▶ _Exercise material_:
------------

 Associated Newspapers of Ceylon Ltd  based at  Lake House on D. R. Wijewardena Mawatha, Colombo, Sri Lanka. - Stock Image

------------

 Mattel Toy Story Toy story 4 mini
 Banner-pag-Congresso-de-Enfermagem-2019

------------

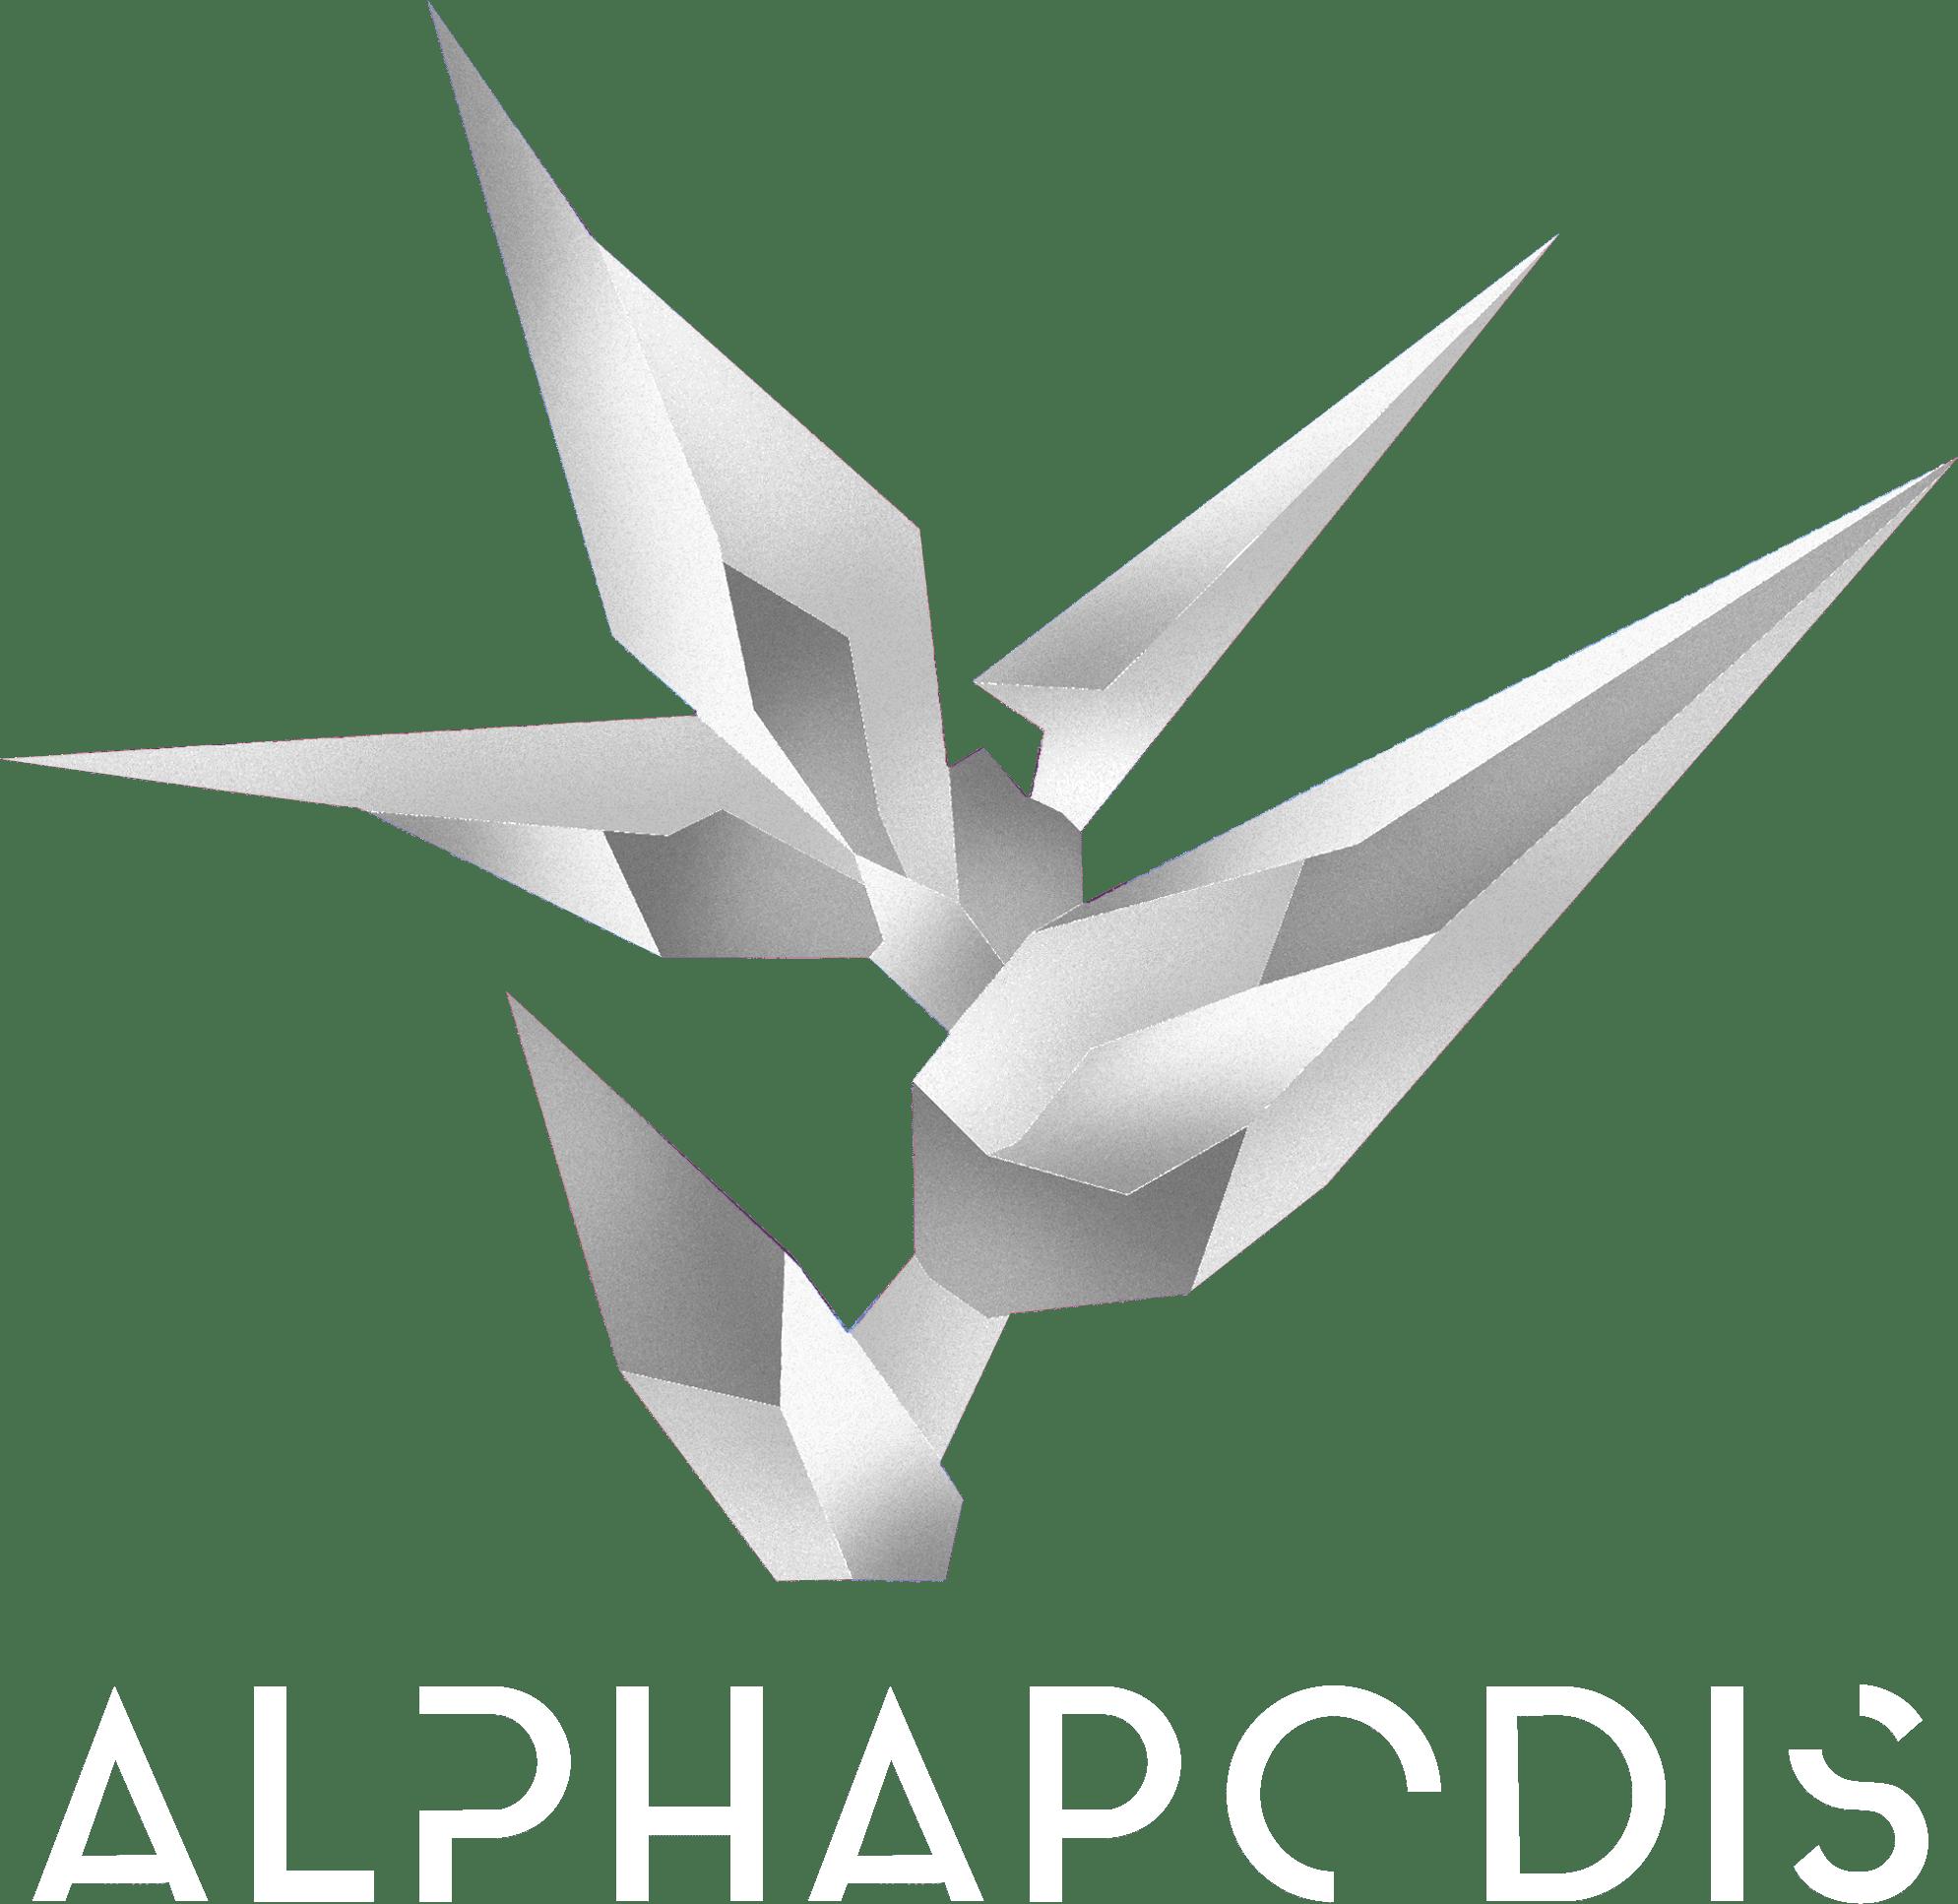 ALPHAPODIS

------------

▶ _Problem to work on_: For the material above, reproduce exactly the lines from the line with "Mattel Toy Story Toy story 4 mini" to the line with "Banner-pag-Congresso-de-Enfermagem-2019", inclusive, and exclude all others.

▶ _Answer to the problem_:
 Mattel Toy Story Toy story 4 mini
 Banner-pag-Congresso-de-Enfermagem-2019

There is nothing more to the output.